▶ [Supplied information]:
+ + + + +

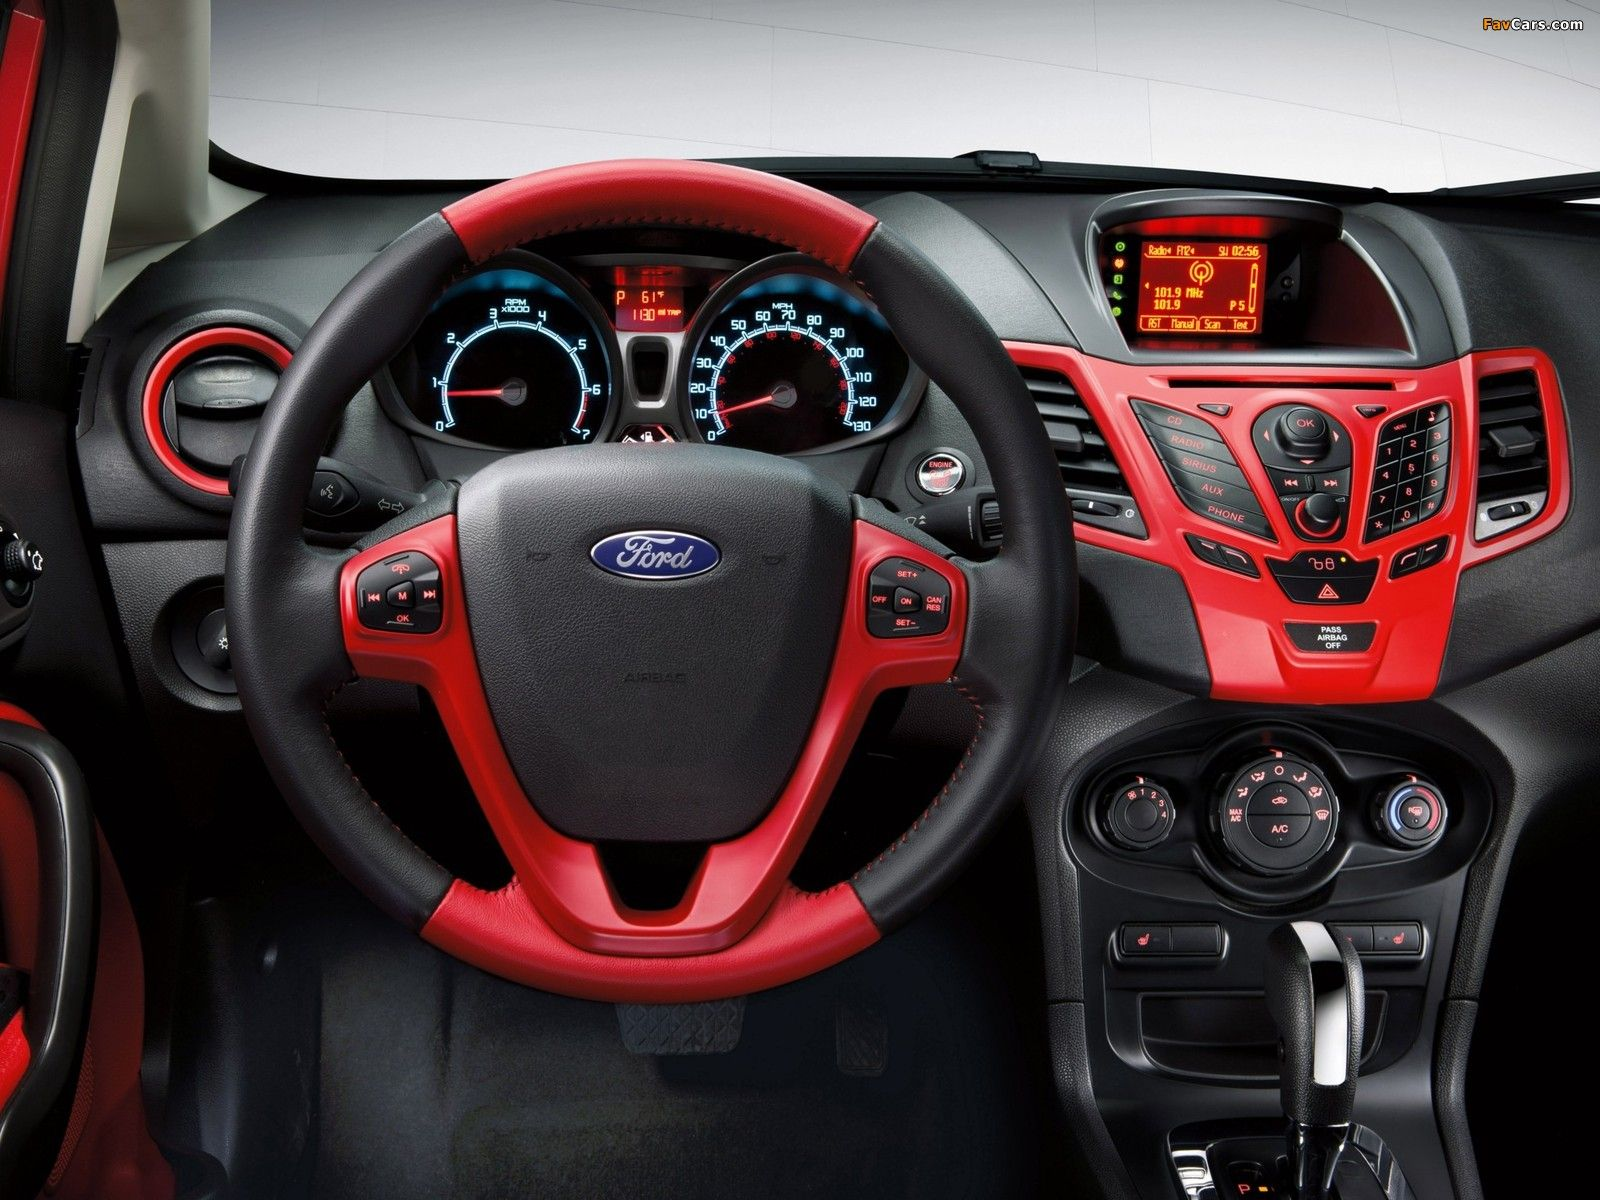 Ford Fiesta Hatchback Personalization Package 2011 Ford Fiesta Modified Ford Fiesta Ford Ranger Interior
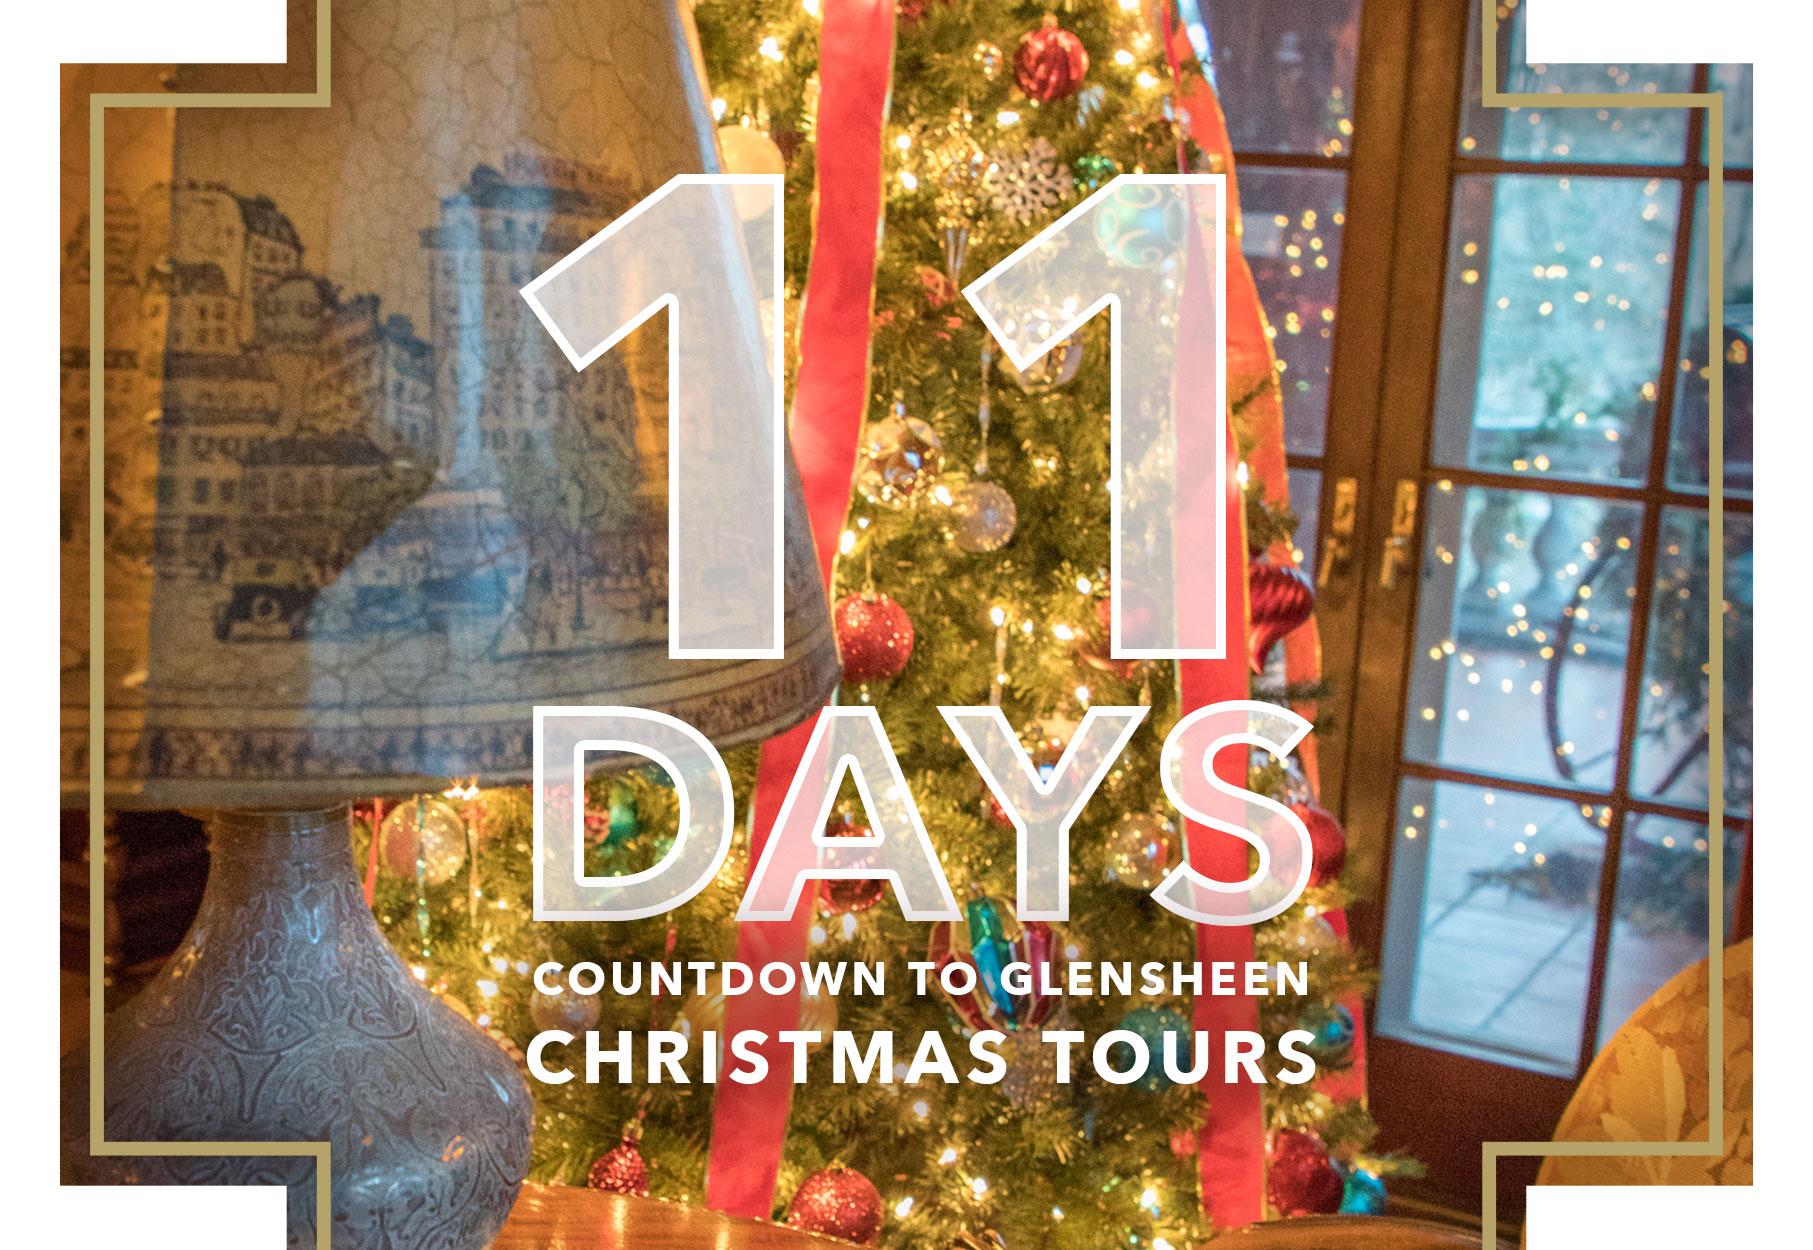 11 Days Until Christmas Tours
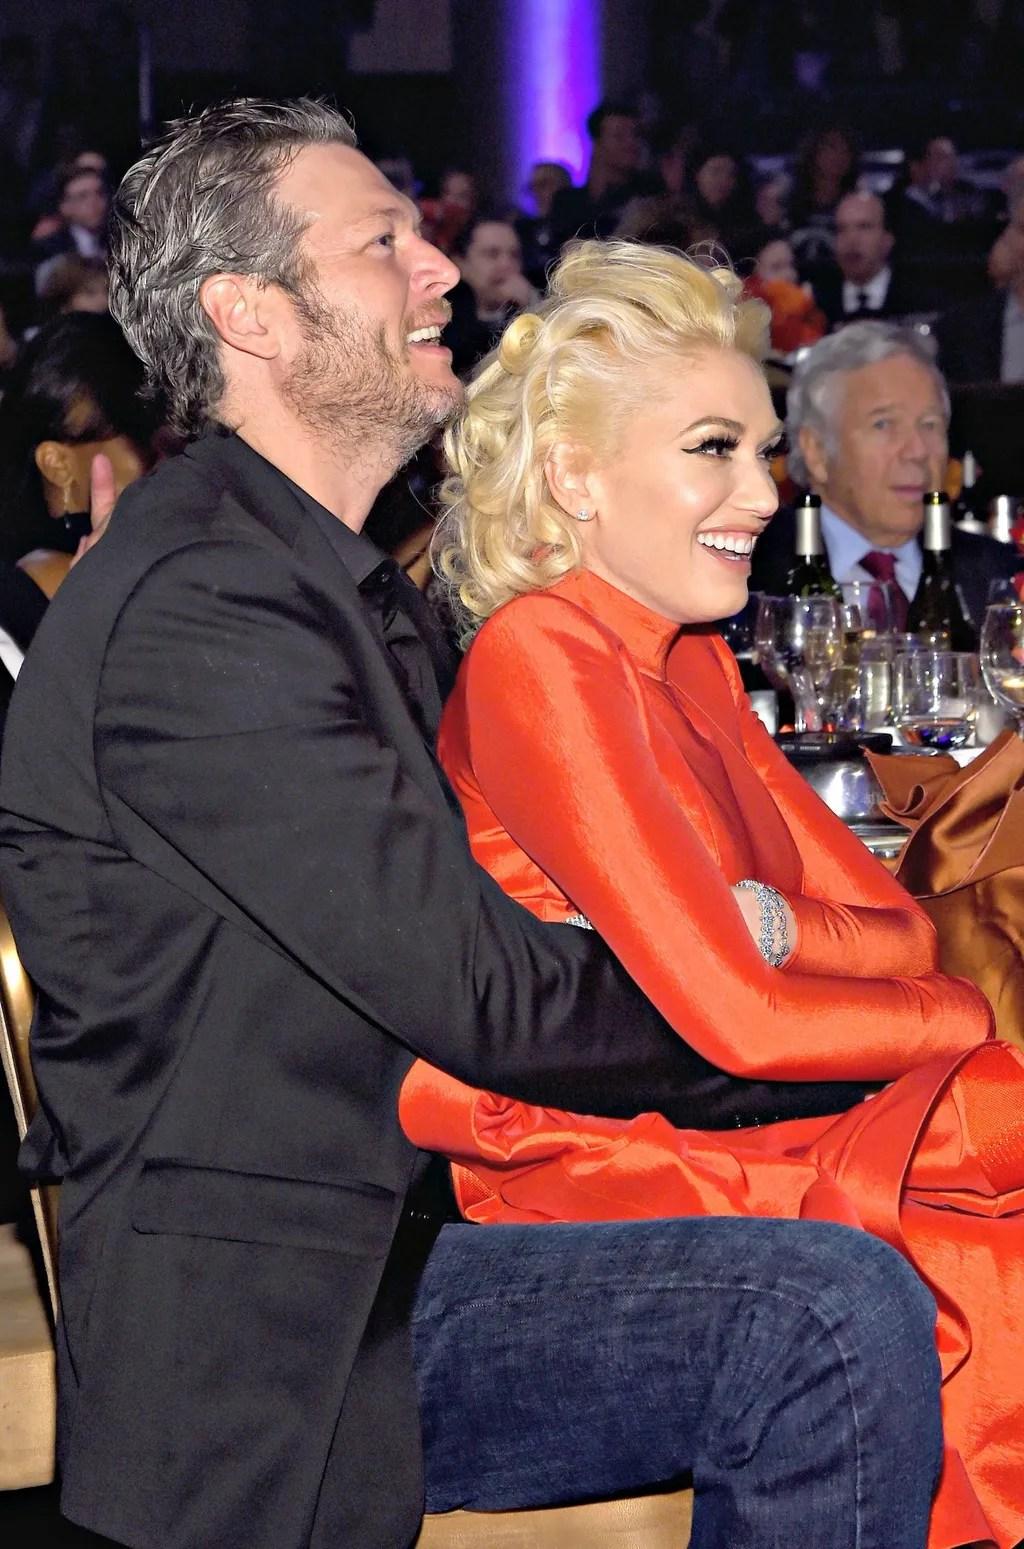 Photos Blake Shelton And Gwen Stefani Get Cozy At Clive

+ + + + +

▶ [Work to complete]:
Restate each line of the material word for word, skipping any picture.

▶ [Output of the exercise]:
 Ford Fiesta Hatchback Personalization Package 2011 Ford Fiesta Modified Ford Fiesta Ford Ranger Interior
 11 Days Until Christmas Tours
 Photos Blake Shelton And Gwen Stefani Get Cozy At Clive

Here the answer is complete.